2. Initializing the Smash Config

Next, initialize the smash_config.

[ ]:
from pruna import SmashConfig

# Initialize the SmashConfig
smash_config = SmashConfig()
smash_config['quantizers'] = ['quanto']
smash_config['quant_quanto_calibrate'] = False
smash_config['quant_quanto_weight_bits'] = 'qfloat8' # or "qint2", "qint4", "qint8"

3. Smashing the Model

Now, you can smash the model, which will take around 4 minutes. Don’t forget to replace the token by the one provided by PrunaAI.

[ ]:
from pruna import smash

transformer = smash(
    model=transformer,
    token="<your_token>",  # replace <your_token> with your actual token or set to None if you do not have one yet
    smash_config=smash_config,
)
text_encoder_2 = smash(
    model=text_encoder_2,
    token="<your_token>",  # replace <your_token> with your actual token or set to None if you do not have one yet
    smash_config=smash_config,
)

4. Running the Model

Finally, run the model to generate the image.

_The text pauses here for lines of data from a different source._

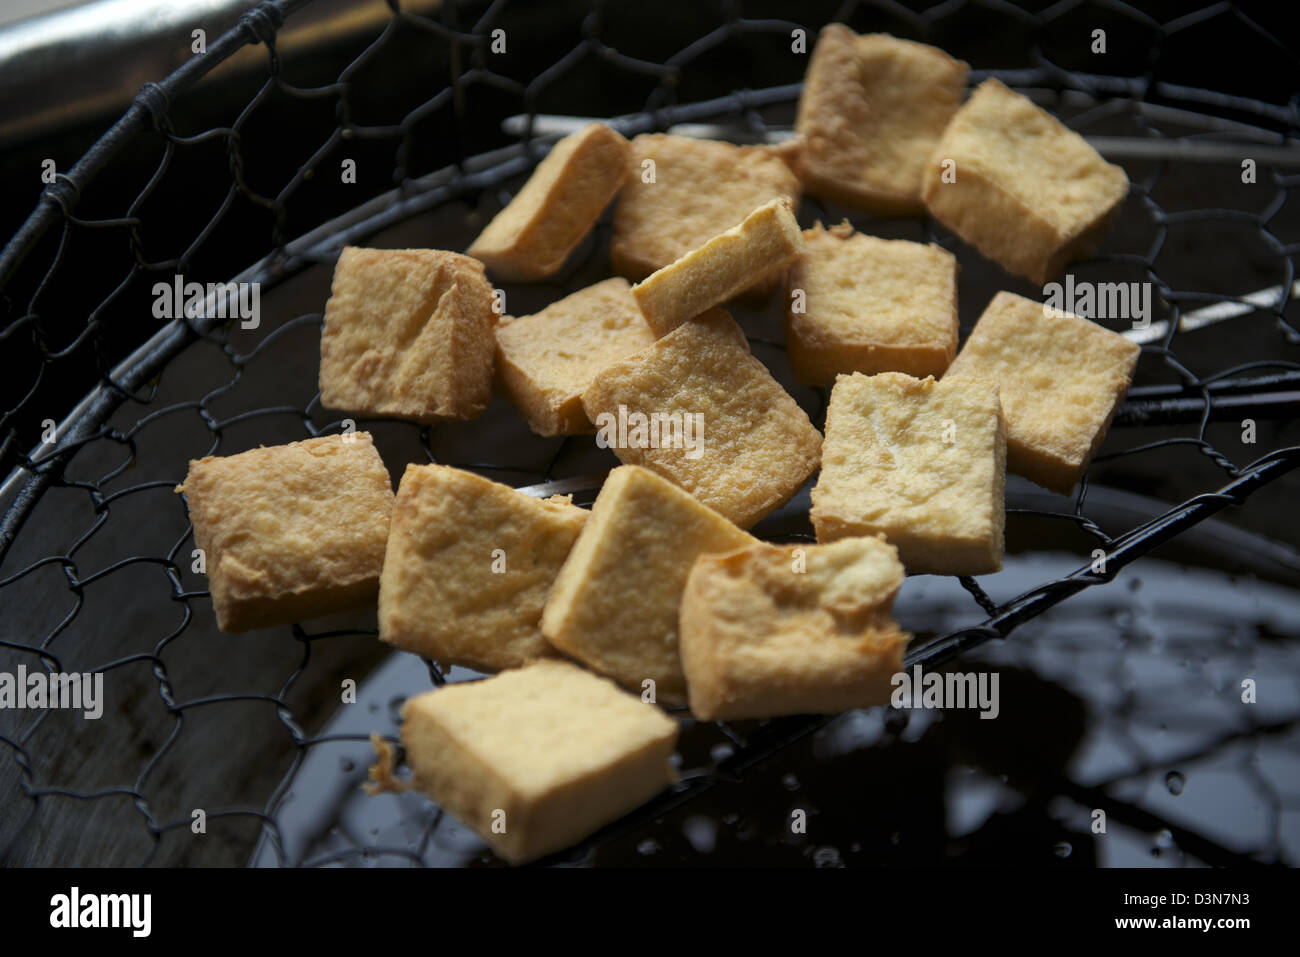 Fried strong-smelling fermented tofu in Yangzhou, Jiangsu province, China. 05-Feb-2013 Stock Photo
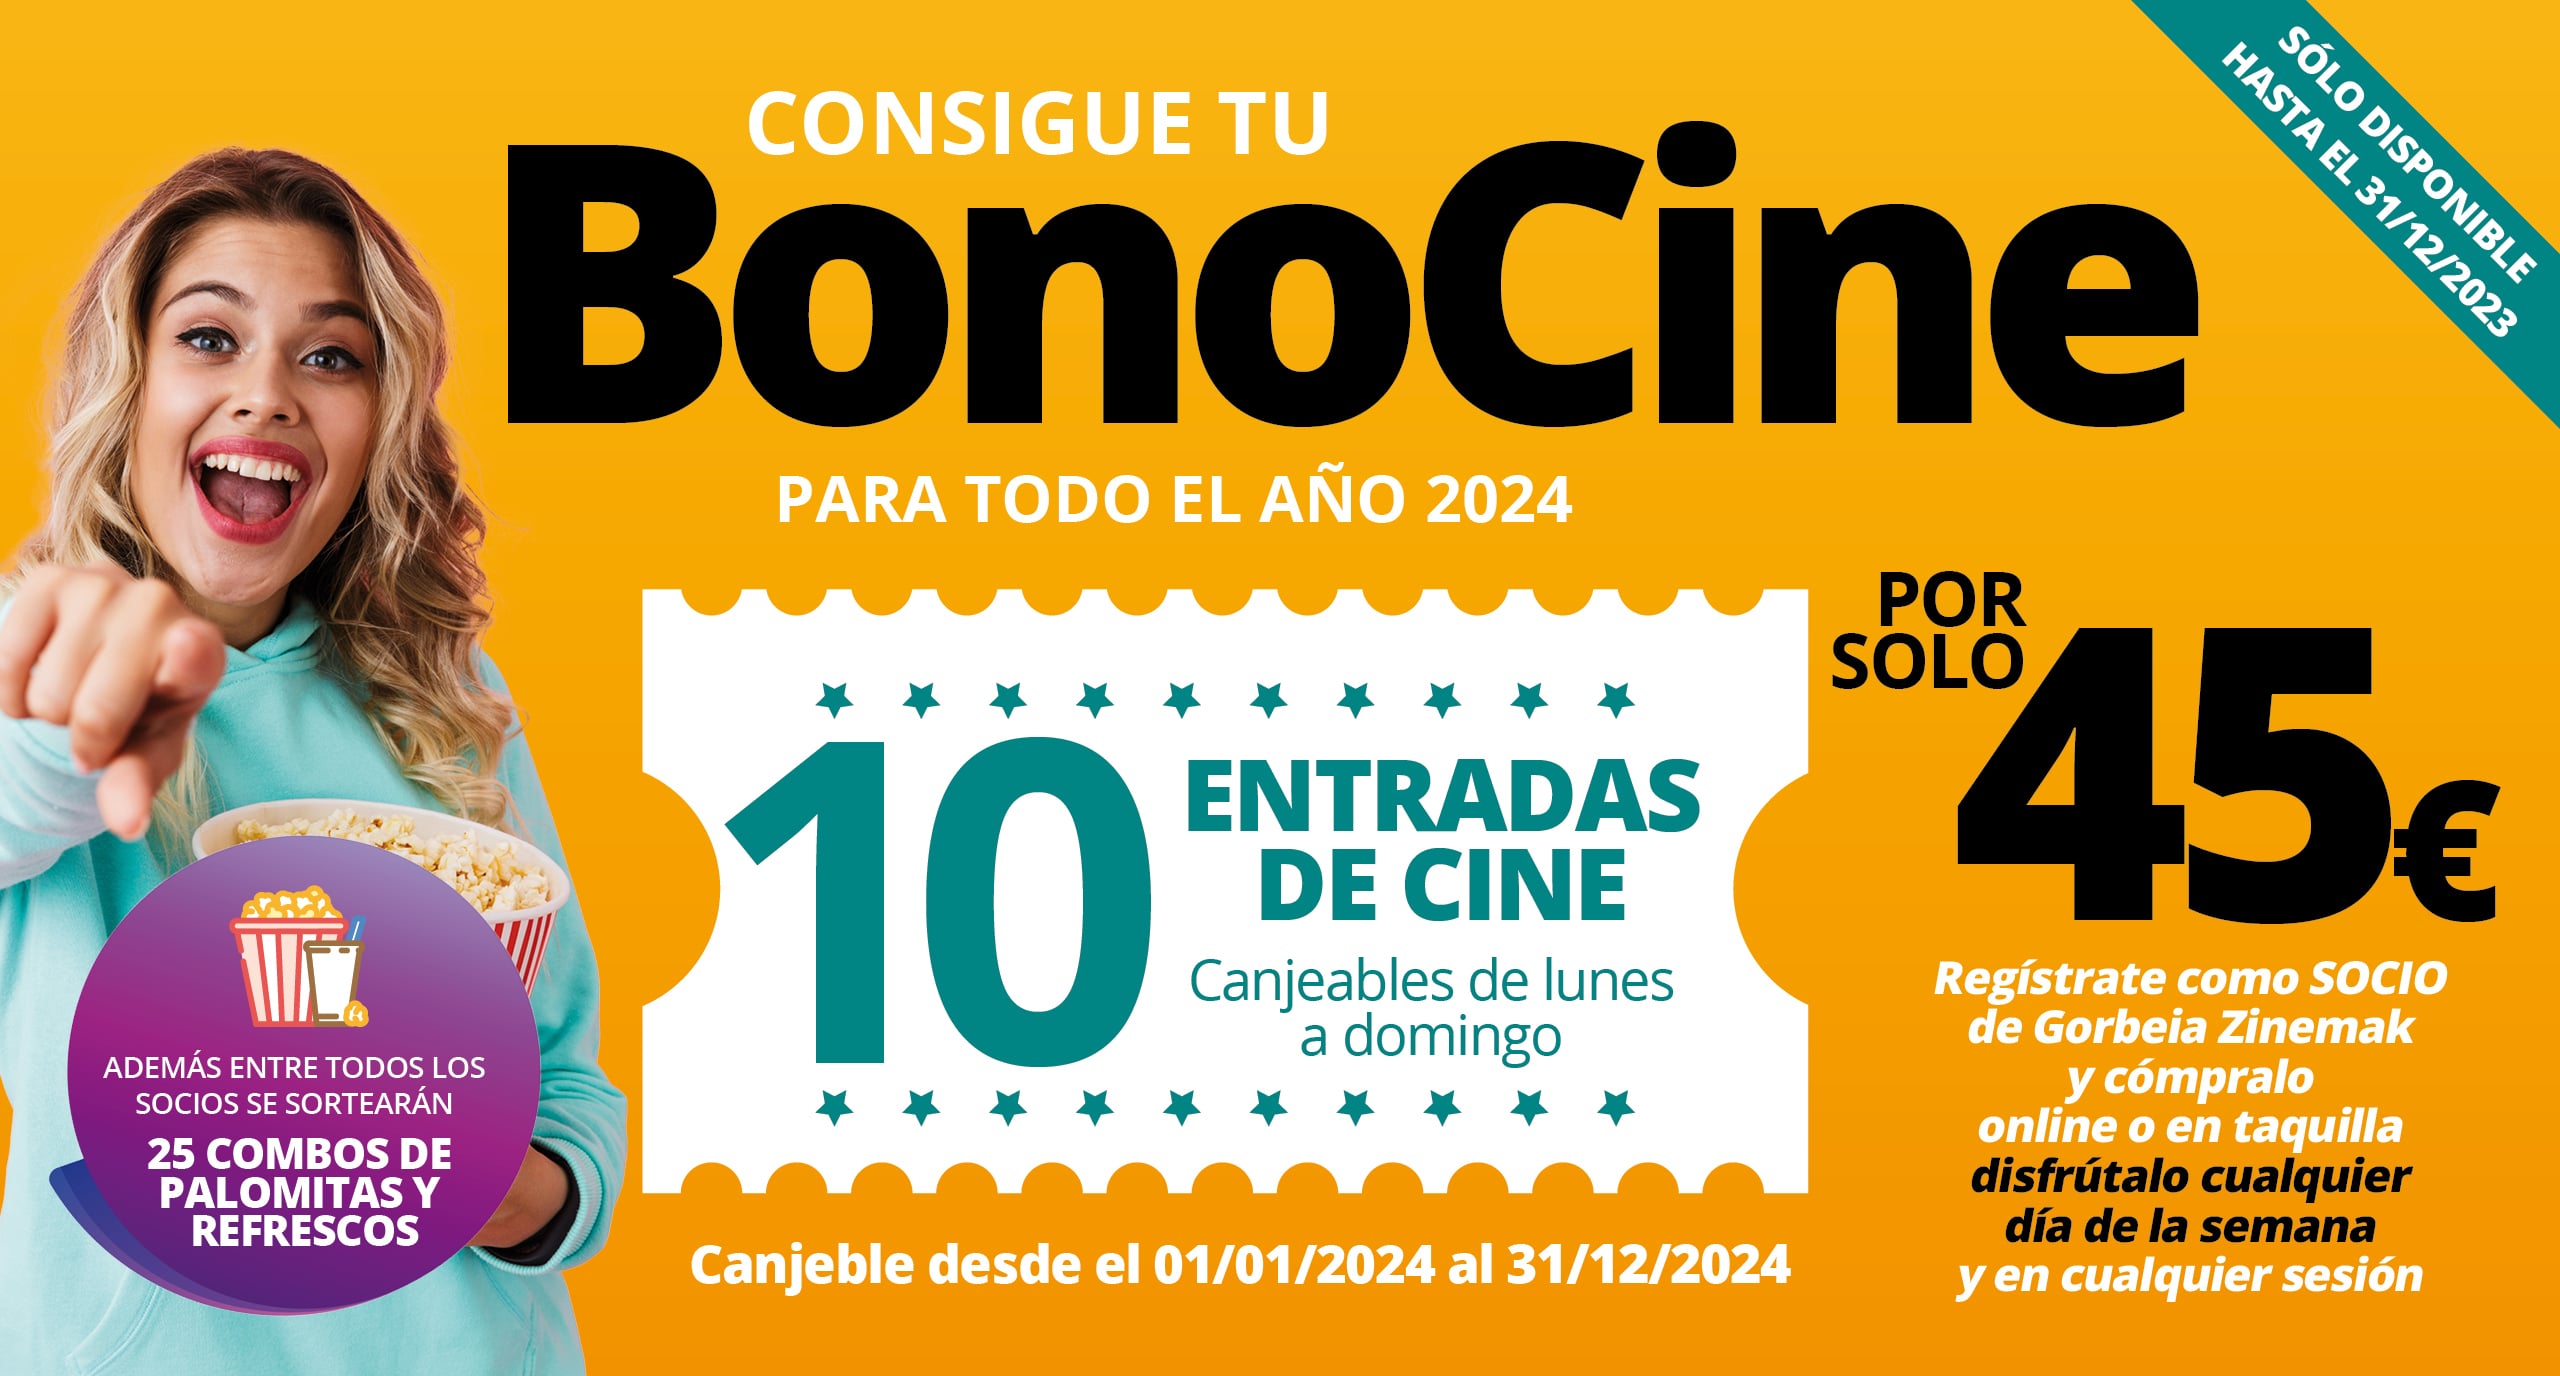 ¡Consigue tu BonoCine para todo el año 2024!
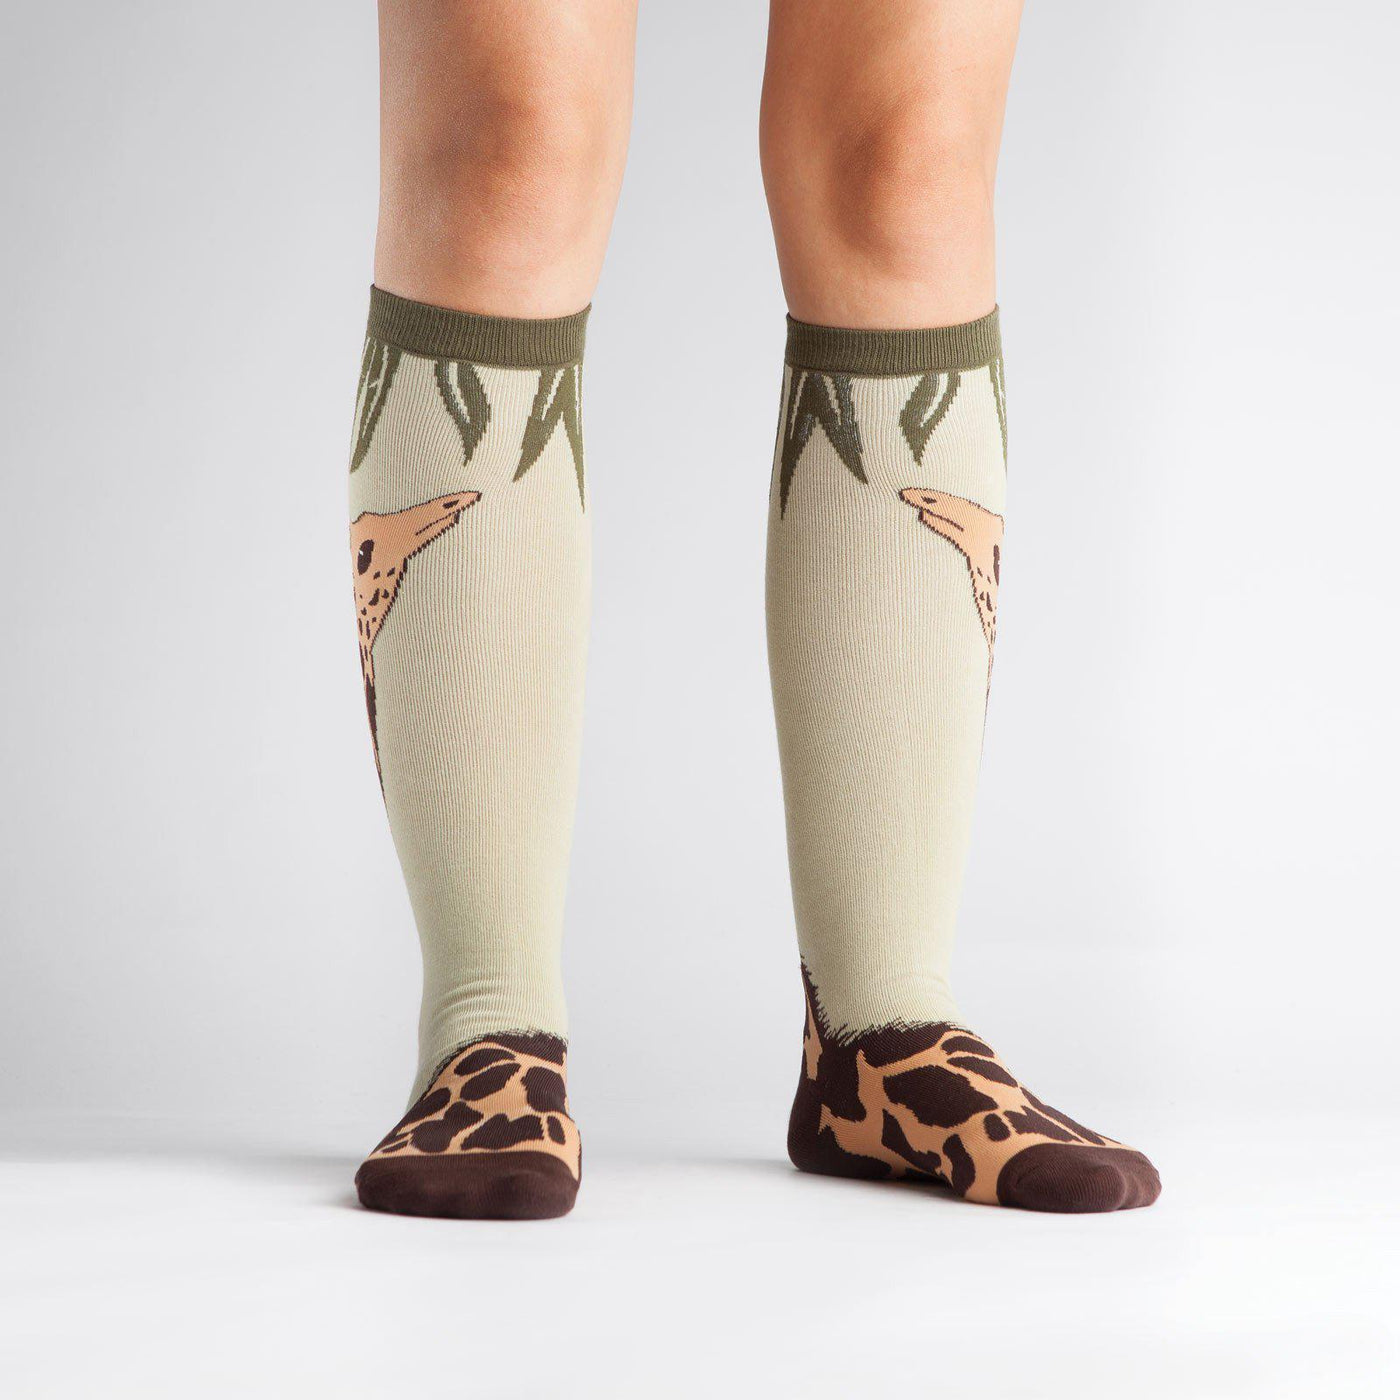 Sock It To Me - Giraffe Knee High Socks | Women's - Knock Your Socks Off
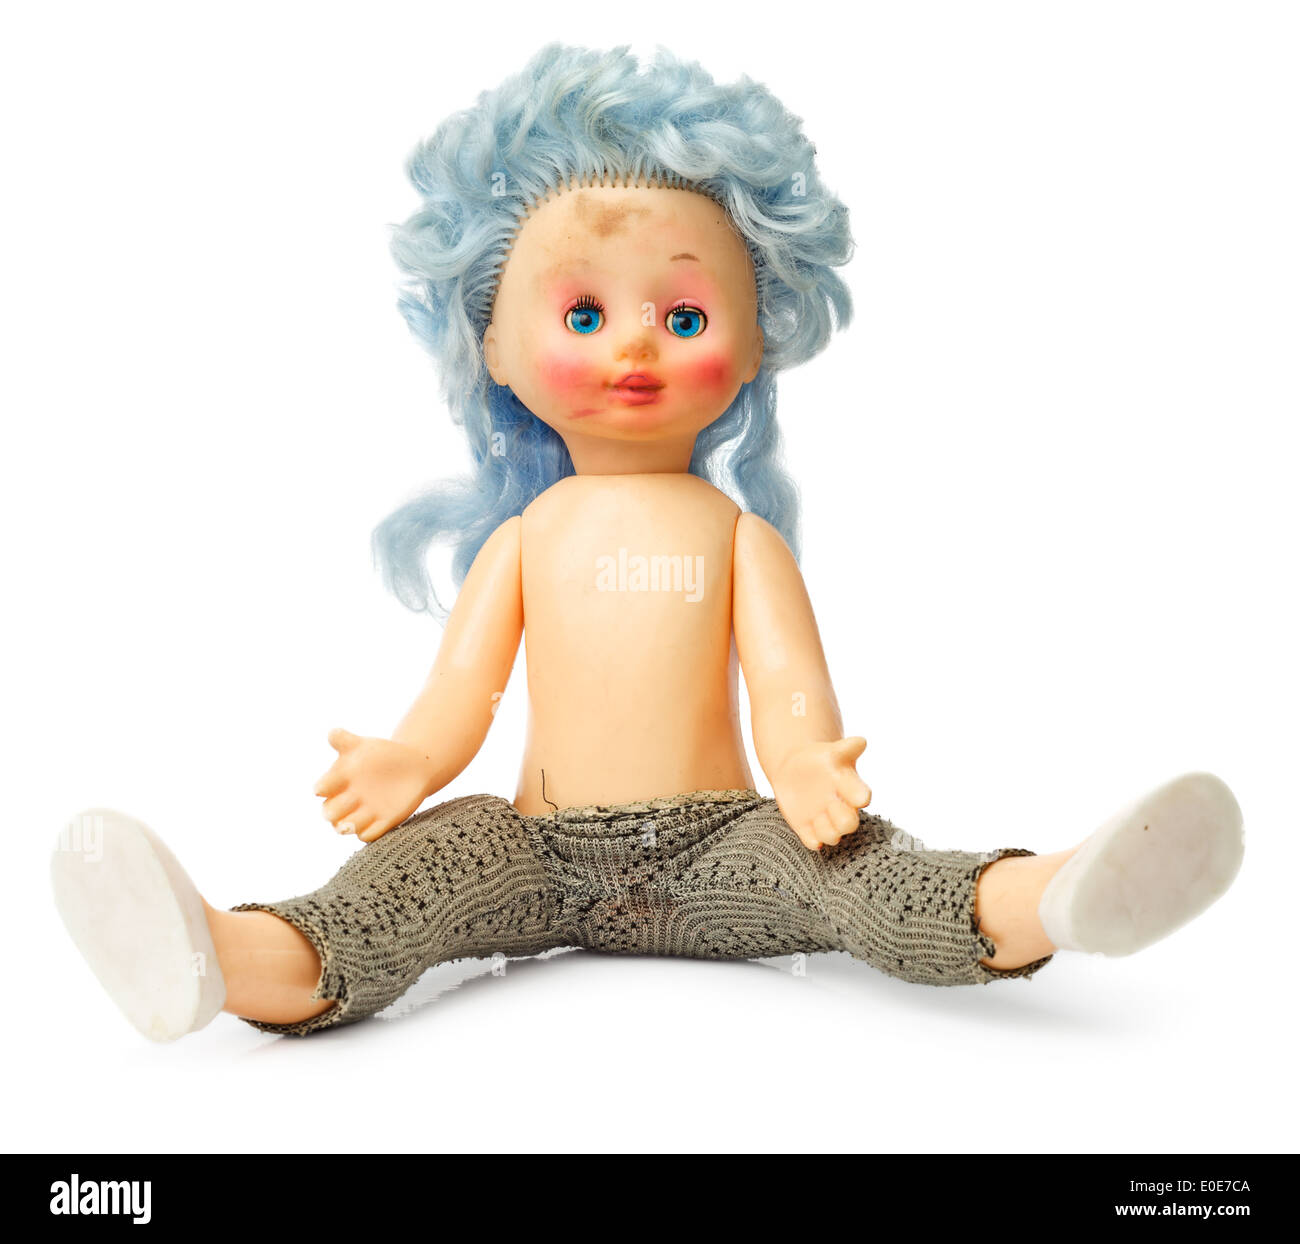 Ancienne poupée en plastique sale avec des cheveux bleus isolé sur fond blanc Banque D'Images

Note that moving the modules to the GPU can take some time.

[ ]:
pipe = FluxPipeline(
    scheduler=scheduler,
    text_encoder=text_encoder,
    tokenizer=tokenizer,
    text_encoder_2=text_encoder_2,
    tokenizer_2=tokenizer_2,
    vae=vae,
    transformer=transformer
)
[ ]:
pipe.text_encoder.to('cuda')
pipe.vae.to('cuda')
pipe.transformer.to('cuda')
pipe.text_encoder_2.to('cuda')
[ ]:
# For added memory savings run this block, there is however a trade-off with speed.
vae.enable_tiling()
vae.enable_slicing()
pipe.enable_sequential_cpu_offload()
[ ]:
prompt = "A cat holding a sign that says hello world"
pipe(
    prompt,
    guidance_scale=0.0,
    num_inference_steps=4,
    max_sequence_length=256,
    generator=torch.Generator("cpu").manual_seed(0)
).images[0]

Wrap Up

Congratulations! You have successfully smashed a Flux model. Enjoy the smaller memory footprint!